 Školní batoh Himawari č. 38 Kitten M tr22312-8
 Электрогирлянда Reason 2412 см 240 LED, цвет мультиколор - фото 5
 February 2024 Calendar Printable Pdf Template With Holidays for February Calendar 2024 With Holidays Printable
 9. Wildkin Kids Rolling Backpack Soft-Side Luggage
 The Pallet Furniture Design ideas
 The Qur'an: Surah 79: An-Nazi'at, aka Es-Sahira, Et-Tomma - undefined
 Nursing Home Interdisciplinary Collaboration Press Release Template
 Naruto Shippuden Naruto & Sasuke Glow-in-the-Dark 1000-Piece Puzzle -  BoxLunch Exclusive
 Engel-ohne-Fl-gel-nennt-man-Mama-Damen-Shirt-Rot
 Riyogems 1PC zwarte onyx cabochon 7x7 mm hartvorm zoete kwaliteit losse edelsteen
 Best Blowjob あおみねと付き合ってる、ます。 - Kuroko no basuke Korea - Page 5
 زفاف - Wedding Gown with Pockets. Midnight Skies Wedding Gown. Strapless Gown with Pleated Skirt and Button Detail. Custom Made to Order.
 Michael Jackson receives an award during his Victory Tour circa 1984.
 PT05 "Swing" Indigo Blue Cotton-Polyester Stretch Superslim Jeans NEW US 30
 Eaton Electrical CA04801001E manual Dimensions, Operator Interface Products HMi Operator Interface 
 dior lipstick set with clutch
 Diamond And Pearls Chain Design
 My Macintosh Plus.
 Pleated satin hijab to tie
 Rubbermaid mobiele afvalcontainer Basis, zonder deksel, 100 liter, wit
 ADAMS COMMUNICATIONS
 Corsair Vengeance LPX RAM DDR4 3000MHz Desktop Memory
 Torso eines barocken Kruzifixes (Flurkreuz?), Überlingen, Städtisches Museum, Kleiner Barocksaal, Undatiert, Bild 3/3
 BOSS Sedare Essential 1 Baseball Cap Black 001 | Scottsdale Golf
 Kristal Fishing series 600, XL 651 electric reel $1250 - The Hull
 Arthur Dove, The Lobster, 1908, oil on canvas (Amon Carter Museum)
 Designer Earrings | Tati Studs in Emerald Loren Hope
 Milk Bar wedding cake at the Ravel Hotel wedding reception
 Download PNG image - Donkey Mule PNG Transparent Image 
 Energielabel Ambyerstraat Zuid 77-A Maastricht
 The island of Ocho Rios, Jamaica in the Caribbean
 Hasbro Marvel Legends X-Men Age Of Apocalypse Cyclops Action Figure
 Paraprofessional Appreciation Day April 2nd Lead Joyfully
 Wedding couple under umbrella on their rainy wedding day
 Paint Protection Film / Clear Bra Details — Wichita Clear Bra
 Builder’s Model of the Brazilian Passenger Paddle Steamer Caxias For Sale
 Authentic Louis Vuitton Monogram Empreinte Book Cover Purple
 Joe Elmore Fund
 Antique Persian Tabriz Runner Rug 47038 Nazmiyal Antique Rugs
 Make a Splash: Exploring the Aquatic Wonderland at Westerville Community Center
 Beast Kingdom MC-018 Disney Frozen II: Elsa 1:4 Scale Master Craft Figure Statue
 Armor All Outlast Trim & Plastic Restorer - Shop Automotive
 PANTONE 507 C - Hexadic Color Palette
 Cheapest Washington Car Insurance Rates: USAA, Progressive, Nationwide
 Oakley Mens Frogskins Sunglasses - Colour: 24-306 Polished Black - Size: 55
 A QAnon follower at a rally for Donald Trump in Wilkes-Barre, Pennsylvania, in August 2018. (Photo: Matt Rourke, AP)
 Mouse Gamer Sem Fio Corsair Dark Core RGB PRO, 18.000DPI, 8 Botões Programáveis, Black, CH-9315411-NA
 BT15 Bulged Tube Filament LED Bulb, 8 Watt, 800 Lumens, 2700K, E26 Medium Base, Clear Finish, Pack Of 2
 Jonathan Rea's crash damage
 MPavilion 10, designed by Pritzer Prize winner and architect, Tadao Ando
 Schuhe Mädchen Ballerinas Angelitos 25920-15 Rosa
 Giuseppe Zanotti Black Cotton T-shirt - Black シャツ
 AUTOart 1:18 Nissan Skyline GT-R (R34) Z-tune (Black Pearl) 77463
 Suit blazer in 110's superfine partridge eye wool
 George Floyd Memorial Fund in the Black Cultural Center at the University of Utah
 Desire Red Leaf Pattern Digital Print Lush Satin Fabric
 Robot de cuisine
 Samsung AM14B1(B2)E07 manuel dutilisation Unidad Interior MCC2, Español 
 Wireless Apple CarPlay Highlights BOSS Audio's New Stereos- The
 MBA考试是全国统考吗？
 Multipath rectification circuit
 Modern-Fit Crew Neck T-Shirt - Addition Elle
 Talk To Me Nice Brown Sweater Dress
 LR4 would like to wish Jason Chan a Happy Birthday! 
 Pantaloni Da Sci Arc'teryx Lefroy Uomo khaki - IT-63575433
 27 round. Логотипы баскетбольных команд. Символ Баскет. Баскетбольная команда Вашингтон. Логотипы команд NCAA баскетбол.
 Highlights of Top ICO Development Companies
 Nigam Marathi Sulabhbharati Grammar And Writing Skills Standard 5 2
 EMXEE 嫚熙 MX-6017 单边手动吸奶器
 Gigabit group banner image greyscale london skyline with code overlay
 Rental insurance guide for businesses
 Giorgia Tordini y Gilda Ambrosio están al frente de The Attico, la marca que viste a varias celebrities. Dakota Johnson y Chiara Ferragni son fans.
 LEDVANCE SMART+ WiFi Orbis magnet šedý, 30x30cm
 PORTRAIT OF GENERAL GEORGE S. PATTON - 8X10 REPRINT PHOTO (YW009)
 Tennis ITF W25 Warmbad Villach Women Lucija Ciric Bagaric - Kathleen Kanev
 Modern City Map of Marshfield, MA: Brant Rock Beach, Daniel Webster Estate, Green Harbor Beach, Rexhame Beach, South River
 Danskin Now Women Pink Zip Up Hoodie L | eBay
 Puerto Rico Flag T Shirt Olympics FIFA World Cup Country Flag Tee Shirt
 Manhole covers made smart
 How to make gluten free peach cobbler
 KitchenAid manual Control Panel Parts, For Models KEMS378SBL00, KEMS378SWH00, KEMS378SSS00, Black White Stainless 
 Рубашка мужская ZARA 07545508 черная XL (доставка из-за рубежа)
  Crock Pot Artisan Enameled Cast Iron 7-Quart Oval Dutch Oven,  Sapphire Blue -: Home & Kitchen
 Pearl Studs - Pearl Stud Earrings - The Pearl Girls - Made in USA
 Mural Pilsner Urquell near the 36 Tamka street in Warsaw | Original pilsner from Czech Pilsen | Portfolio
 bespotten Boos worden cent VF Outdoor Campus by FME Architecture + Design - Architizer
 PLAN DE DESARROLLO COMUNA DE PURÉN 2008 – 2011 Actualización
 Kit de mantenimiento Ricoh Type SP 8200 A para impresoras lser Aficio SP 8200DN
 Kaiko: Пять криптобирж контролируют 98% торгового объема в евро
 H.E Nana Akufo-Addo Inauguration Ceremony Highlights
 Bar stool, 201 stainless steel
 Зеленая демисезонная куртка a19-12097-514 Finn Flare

***

▸ **EXERCISE OBJECTIVE**: Scan the records above. Return every line with "Corsair" in it.

▸ **EXERCISE RESPONSE**:
 Corsair Vengeance LPX RAM DDR4 3000MHz Desktop Memory
 Mouse Gamer Sem Fio Corsair Dark Core RGB PRO, 18.000DPI, 8 Botões Programáveis, Black, CH-9315411-NA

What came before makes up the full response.